- Born: 3 September 1966 (age 59) Maribor, SR Slovenia, SFR Yugoslavia
- Occupation: Businessman

= Petar Matić (businessman) =

Serbian businessman and amateur racing driver (born 1966)

Petar Matić (Петар Матић; born 3 September 1966) is a Serbian businessman and amateur racing driver, the owner of MPC Holding and MPC Properties. He is believed to be one of the richest people in Serbia.

== Early life ==
Matić was born in Maribor, Slovenia and studied at the Faculty of Hotel Management in Opatija, Croatia. Before moving to Belgrade, Serbia, he had already developed a business on the Croatian coast mainly involved in retail footwear and apparel.

== Career ==
After moving to Belgrade in 1989 Matić founded the company MPC (incorporating his initials into the name), which went on to be very successful in the following years. In 1991 MPC was transformed into the MPC Group with significant growth and expanded activities. In 2003 it had two main divisions: Real Estate and Trade.

Soon afterwards, Matić went on to establish MPC Holding and MPC Properties, a leading companies in trade and real estate development in the region. In 2007 MPC Properties entered into the strategic partnership with Merrill Lynch / Bank of America. This was the first investment made by Merrill Lynch in the territory of former Yugoslavia.

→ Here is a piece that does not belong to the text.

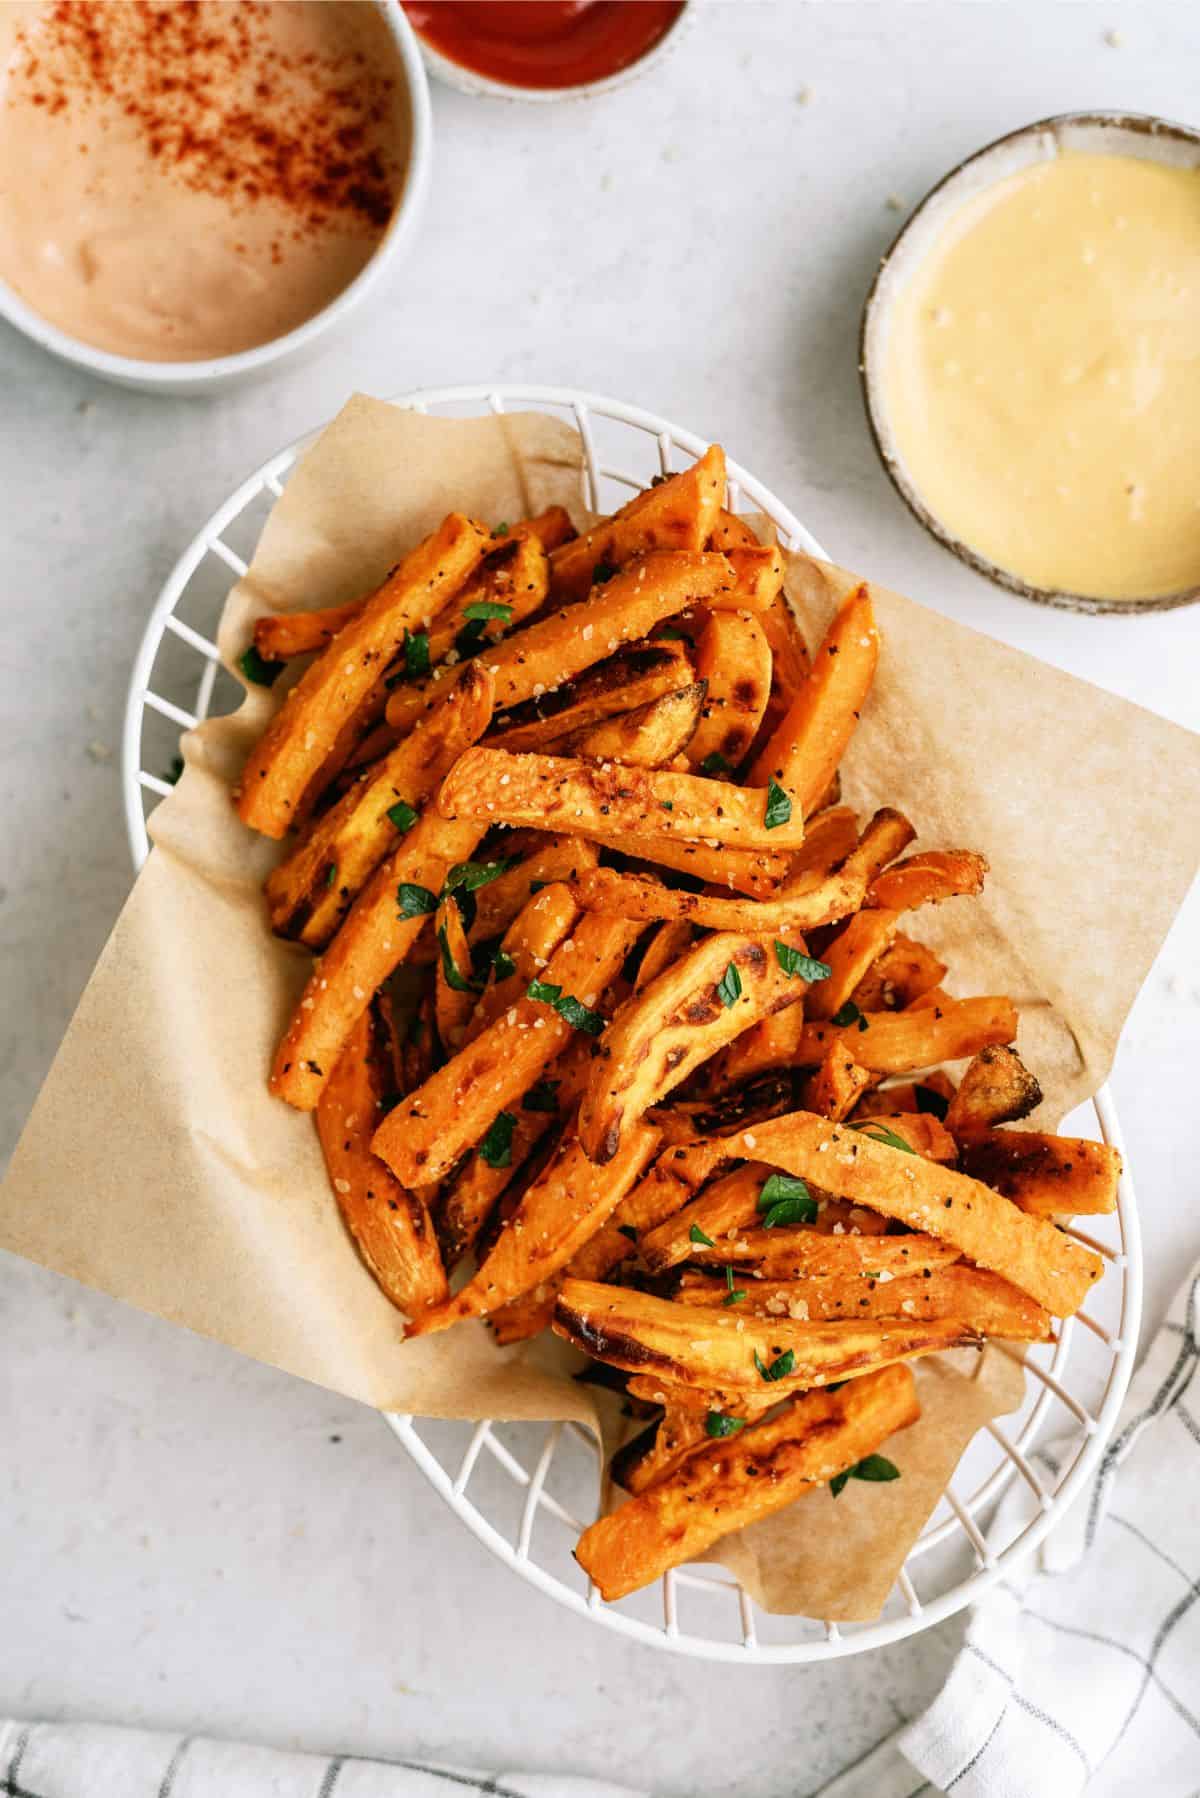 We Tried 45 Bags Of Frozen French Fries—These Are The Absolute Best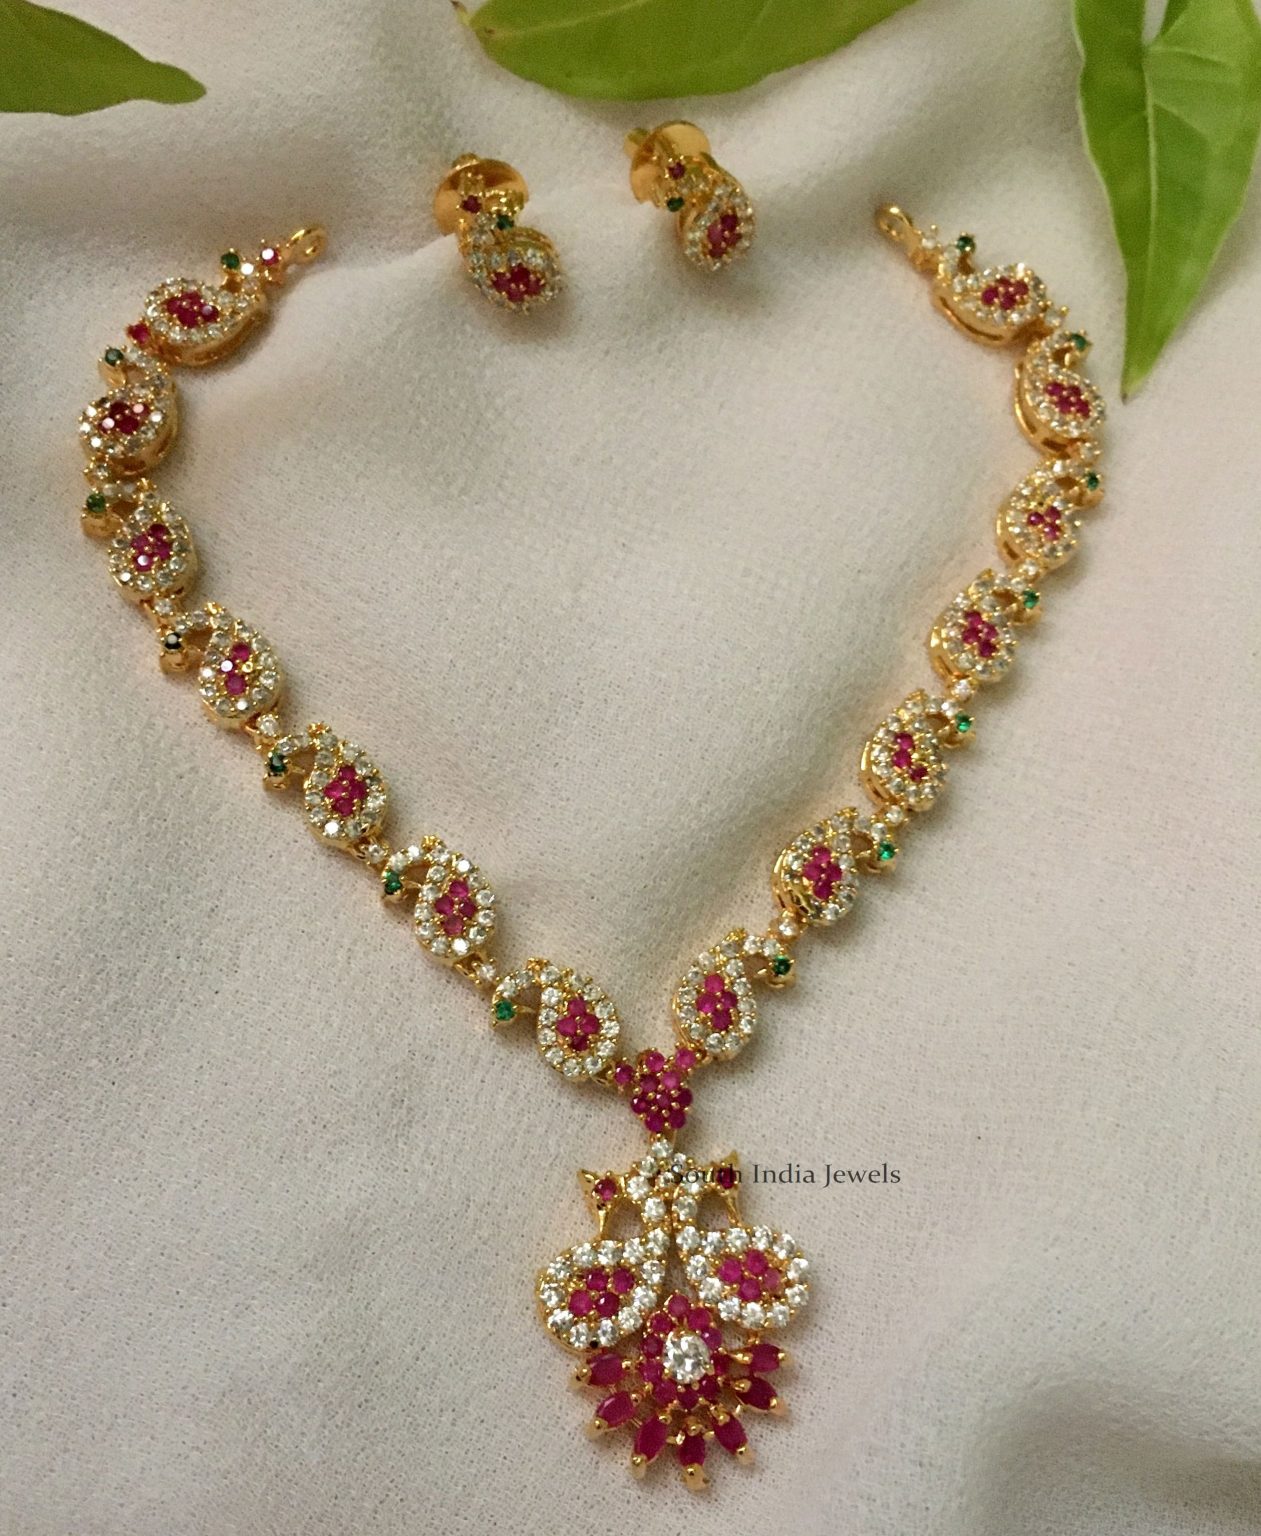 Elegant Peacock Design Ruby Necklace - South India Jewel

Matić's companies became market leaders in that part of Europe. They employ over 1,000 people and are some of the most significant investors in Serbia. The companies have been awarded retail, commercial, residential and logistics projects that are importance in the region. This includes as an example the Business Center Ušće, the Usce Shopping Center, IMMO outlet Centers, Business Center "Tri Lista Duvana" and residential/condominium "OASIS".

Matić chooses to stay out of the public eye, as he does not give interviews to the press, and his photographs cannot be found in local newspapers.

Matić is also a member of ICSC – International Council of Shopping Centres.